I got moved forward to 14 weeks today by scan, and i feel better now im past the stage i lost max at :), for me it hasnt been any easier up until now, but im hoping from now on it will get easier. Good luck with future scans :kiss: x

There isnt really any tips or anything except try not to think about it, the one thing i always done was just ask the scan person to tell me first thing straight away if things were ok or not, not to sit looking for ages x


----------



## Lucy1973

Thanks m2a, Yes, the girl last week told me straight away, and trying not to think about it is a good idea, any distraction is welcome! :flower:

Glad you have got to the much safer point in your pregnancy, it must be great to get moved forward! :hugs::kiss:


----------



## LucyJ

I could do with the same advise, I suffered a mmc march of this year got told at our 12 week scan that our little one had died at 10 weeks.
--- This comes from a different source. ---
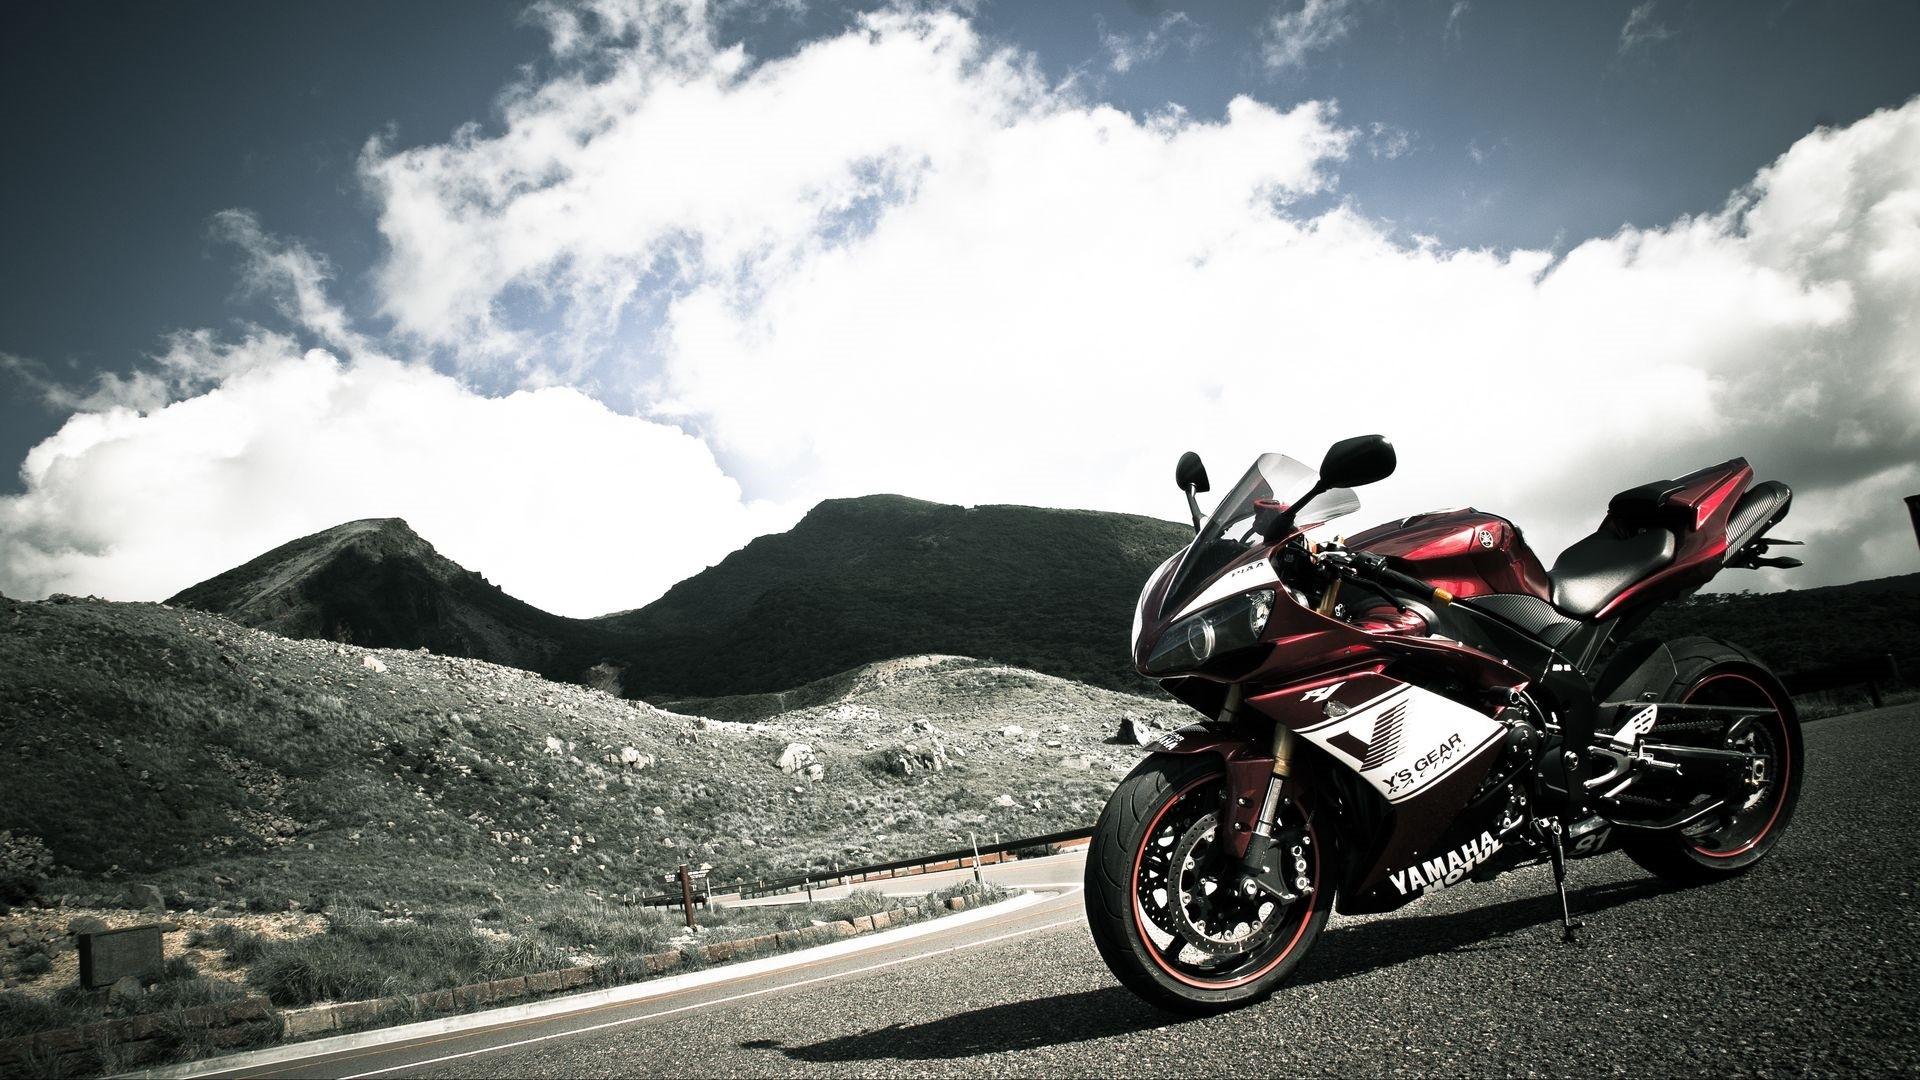 Motorcycle wallpaper photo hd

I'm now pregnant again and have a scan next week I should be 8 weeks but obviously I know that could changed I'm so scared about it. 

The only thing I can say is try and keep busy in the build up to the scan so you dont have time to think about it, we're away this weekend so have been busy and dont get back home till late monday and our scan is on the tues. A plus side is this scan is in a different place to our last one so I wont have the memories of sitting in the same waiting room just the memory of the scan but I know our 12 week will be at the same place we went in march I just know I will be a mess but my hubby is great such a support.

Take it one day at a time and try not to worry is all I can say (I know easier said than done) and make sure you have plenty of support.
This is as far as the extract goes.